第68話 瘴気の巨竜、登場
アルヴェニア王国の国境を越え、馬車で走ること丸一日。
かつて「緑の宝石」と謳われた聖樹連邦ルミナリスの風景は、灰色のものへと変貌していた。
「・・・・・・これが、ルミナリスなの? 街路樹も、草原も・・・・・・全部、色が抜けたみたいに真っ白じゃない」
エマが馬車の窓から外を眺め、悲しげに呟いた。
視界に入るすべてが、細かい灰のような粉塵に覆われている。それは単なる火山の灰ではない。巨竜の放つ強力な毒によって結晶化し、崩壊した成れの果てだ。

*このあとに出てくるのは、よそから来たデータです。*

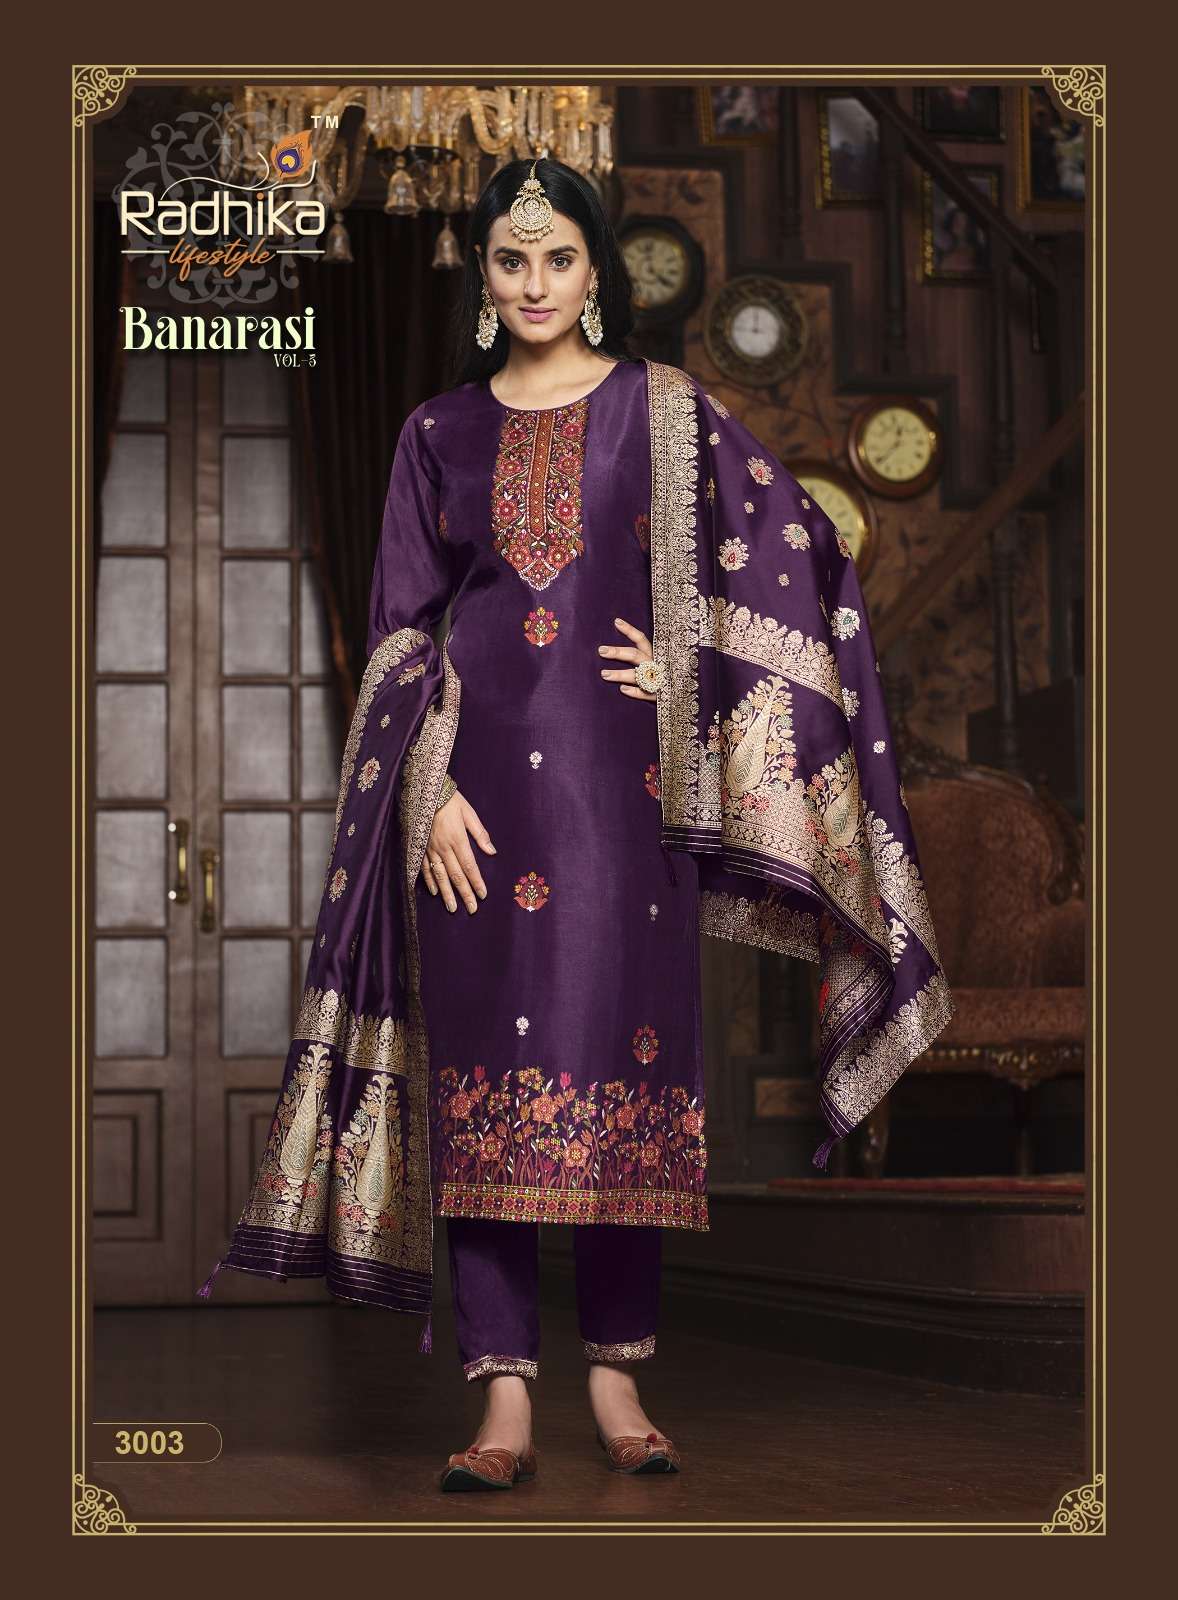 radhika lifestyle banarasi vol-3 3001-3006 series function special kurti pant with dupatta latest catalogue surat

「想定以上の侵食スピードね。土壌のマナ伝導率も著しく低下しているみたい。農作物どころか、雑草一本生えないくらいよ」
リサは空中に展開した無数のホログラム・ウィンドウを指先で弾きながら、冷徹に現状を分析する。彼女の周囲には、すでにルミナリス全土のマナ濃度分布図が完成しつつあった。
一方のシエラはというと――
「面白いわね。この毒の性質・・・・・・ねえミト君、あとでこの灰、バケツ三杯分くらい吸ってみてくれない? 透過データのサンプルが欲しいの」
怪しい色の液体が煮え立つフラスコを振りながら、シエラが不穏な笑顔を僕に向ける。
「シエラ、さすがに死灰を直接吸わせるのは・・・・・・」
「あら、ミト君なら大丈夫よ。彼の器はダイヤモンドより硬いんだから。ね? エマちゃん、自慢のパートナーを貸してちょうだいな」
「貸しません! 毒を吸うのは作戦の時だけです!」
エマが僕を背後に隠し、シエラを威嚇する。 馬車はついに、巨竜が目撃されている最前線――霊峰の入り口に到着した。
そこは、ただ灰色の丘が波打ち、空には紫黒色の雷雲が立ち込める異界だった。
「ここからは徒歩よ。馬車じゃ足を取られて動けなくなるわ」
エマが銀の剣を抜き、先頭に立つ。僕も彼女の隣に並び、全身に黄金のマナを薄く展開した。一歩、灰の世界に足を踏み入れる。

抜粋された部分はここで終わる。